Bangunan yang terletak di simpang Jalan Hendrik Timang dan Jalan Bukit Keminting, Palangka Raya, itu dibangun menggunakan dana Anggaran Pendapatan dan Belanja Negara (APBN) senilai sekitar Rp8 miliar.
Namun, lebih dari satu dekade berlalu, fasilitas yang seharusnya menjadi hunian bagi mahasiswa itu justru terbengkalai dan sebagian bahkan mulai rusak karena tidak ada aktivitas pemeliharaan.
Dalam sambutannya saat membuka Rapat Koordinasi dan Sinkronisasi Kegiatan Perumahan dan Kawasan Permukiman (PKP) Provinsi Kalteng Tahun 2025, di Aula Eka Hapakat, Kantor Gubernur Kalteng, Senin, 27 Oktober 2025, Herson mengungkapkan keprihatinannya atas kondisi tersebut.
“Bangunan rusunawa di kawasan Universitas Palangka Raya itu sayang sekali. Sudah lama dibangun menggunakan APBN, tapi belum juga dimanfaatkan. Padahal niat awalnya untuk mahasiswa,” ujar Herson.
Ia menjelaskan, berdasarkan informasi yang diterima, pembangunan rusunawa itu dilakukan sebelum kawasan tersebut ditetapkan sebagai kawasan hijau dan sempadan pengairan.
Namun, setelah pembangunan selesai, persoalan tata ruang dan akses jalan membuat bangunan tersebut tidak bisa digunakan sebagaimana rencana awal.
“Saat dibangun dulu belum dikategorikan kawasan hijau. Tapi setelah itu, terjadi perubahan tata ruang, sehingga bangunannya jadi sulit difungsikan. Padahal konstruksinya masih bagus,” jelasnya.
Herson menyebut, kondisi bangunan tersebut kini mulai mengkhawatirkan. Ia bahkan menyebutnya sudah menjadi bangunan mangkrak yang merugikan karena tidak memberikan manfaat bagi masyarakat.
“Kalau kita lihat, bangunannya bagus, modelnya twin block. Tapi sangat disayangkan kalau dibiarkan begitu saja. Aset negara ini harusnya bisa digunakan untuk kepentingan pendidikan,” tegasnya.
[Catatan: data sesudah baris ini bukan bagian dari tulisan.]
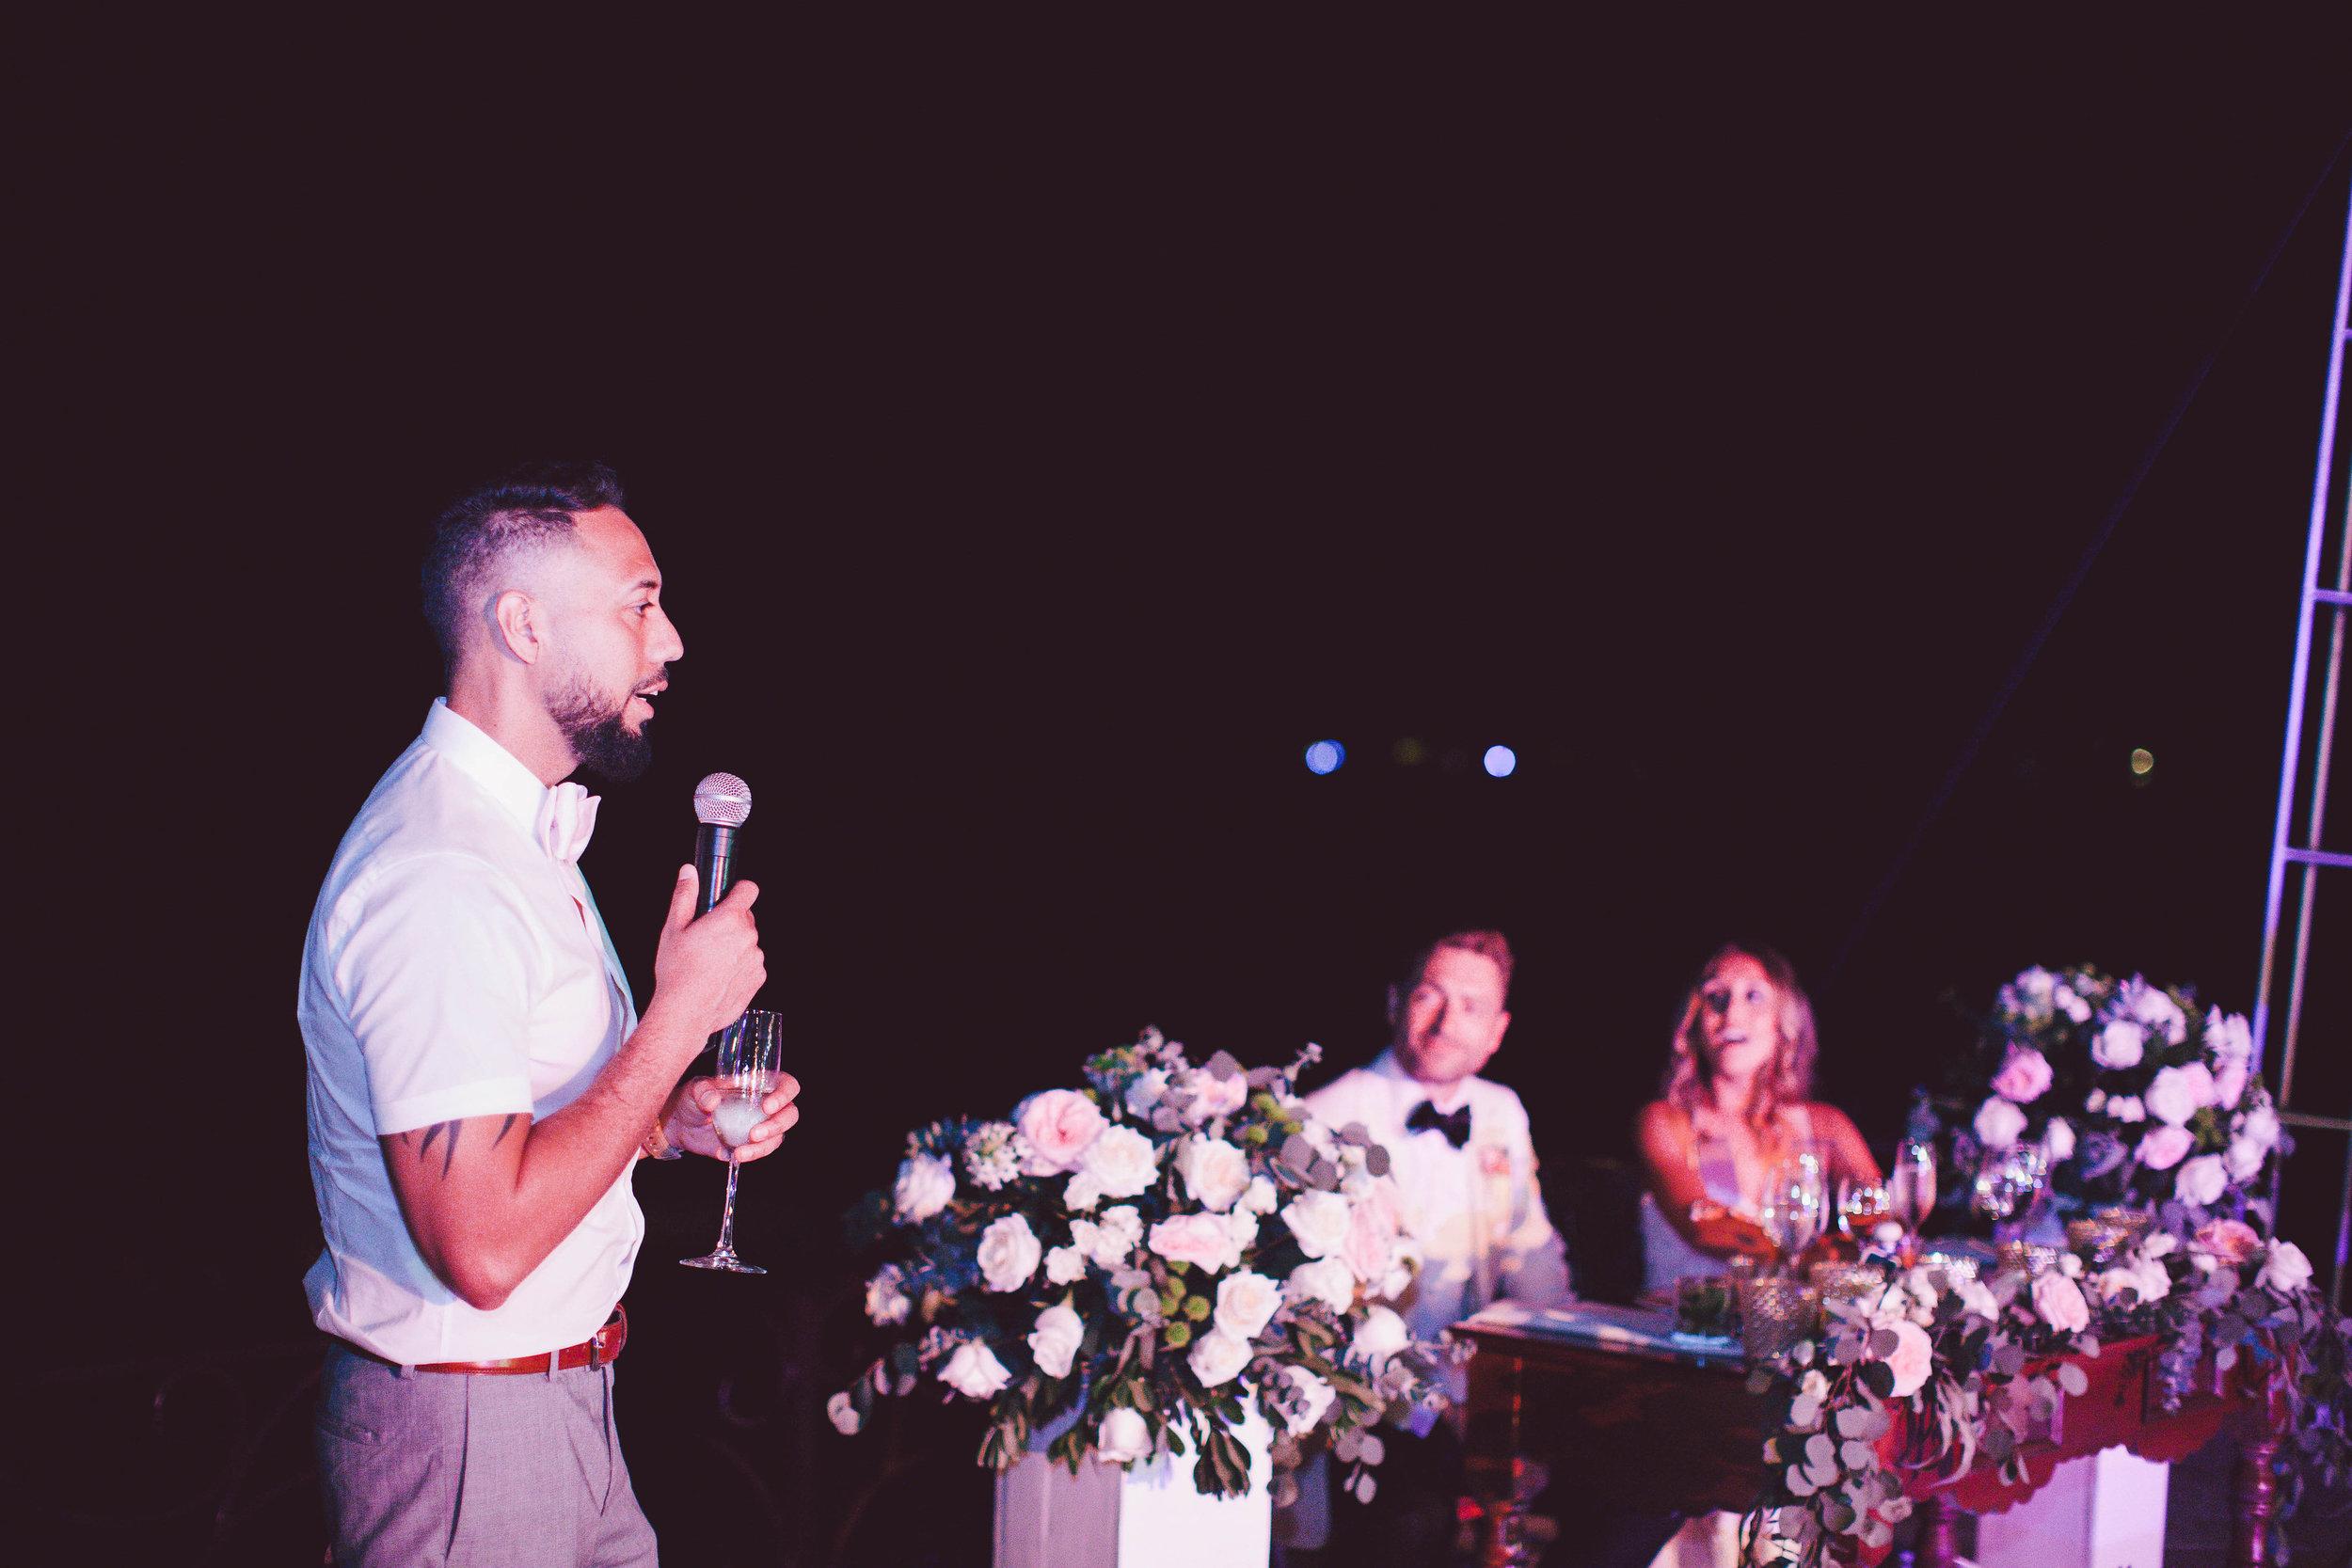 mexico_wedding_cancun_villa_la_joya_evangeline_lane_135.jpg

Lebih lanjut, Herson juga meminta Kementerian Perumahan dan Kawasan Permukiman bersama Kementerian terkait lainnya untuk turun tangan mengevaluasi proyek tersebut dan mencari solusi agar aset negara itu tidak terus terbengkalai.
“Kami berharap Kementerian bisa segera melakukan evaluasi dan menentukan langkah. Kalau memungkinkan, rusunawa itu bisa diserahkan ke pihak UPR untuk dikelola dan dimanfaatkan sesuai kebutuhan,” ucapnya.
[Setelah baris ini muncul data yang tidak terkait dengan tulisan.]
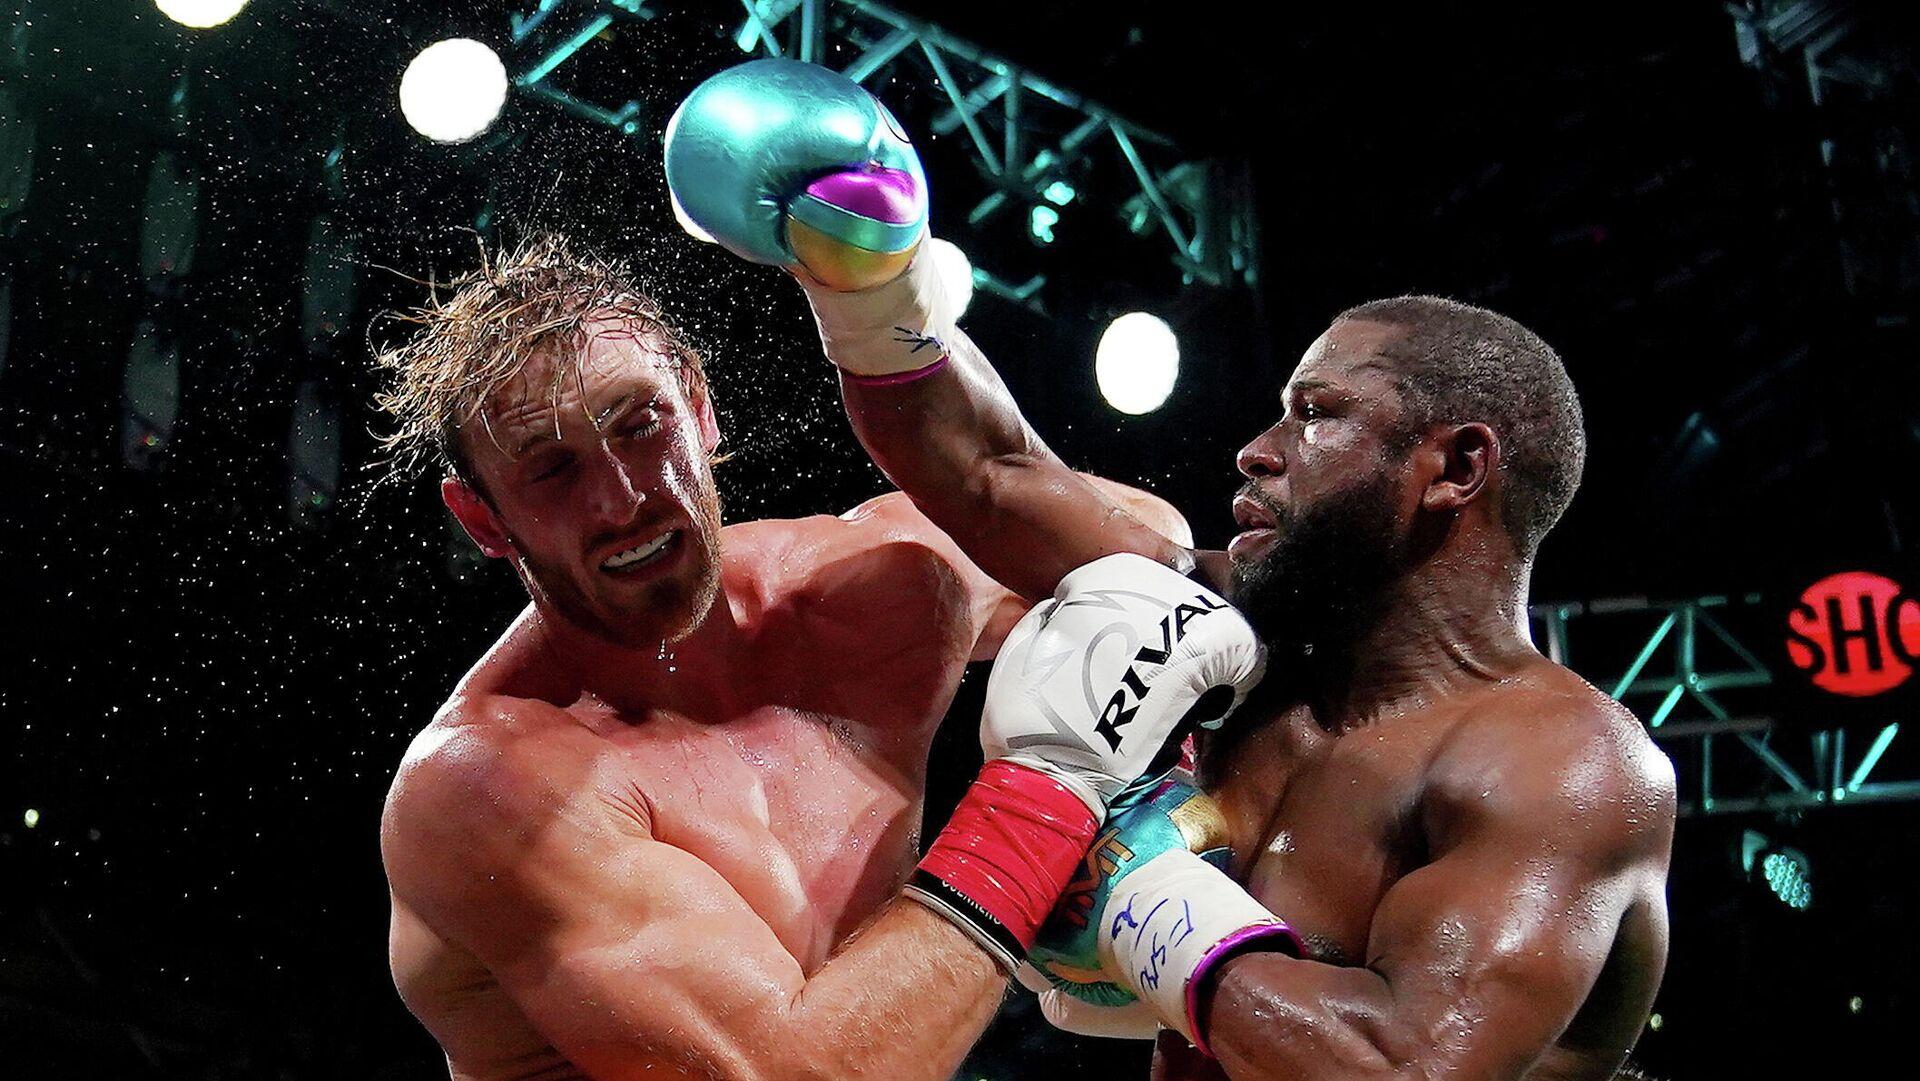 La pelea entre Logan Paul y Floyd Mayweather Jr. - Sputnik Mundo, 1920, 07.06.2021

Ia juga mengingatkan bahwa kondisi bangunan yang dibiarkan mangkrak bukan hanya menimbulkan kesan buruk di lingkungan kampus, tetapi juga berpotensi menimbulkan kerusakan permanen dan pemborosan anggaran negara.
“Dari Jalan Bukit Keminting kelihatan jelas bangunan itu. Megah tapi kosong. Lama-lama rusak kalau tidak segera dimanfaatkan. Ini tentu sangat disayangkan,” katanya.
Herson menekankan, setiap proyek pembangunan yang menggunakan dana negara harus dipastikan memberikan manfaat nyata bagi masyarakat.
Karena itu, ia mengajak seluruh pihak, terutama kementerian teknis dan perguruan tinggi, untuk lebih memperhatikan keberlanjutan pemanfaatan aset publik.
“Ini menjadi pelajaran penting agar setiap pembangunan disertai dengan perencanaan pemanfaatan yang matang. Jangan sampai selesai dibangun, tapi tidak bisa digunakan,” tuturnya.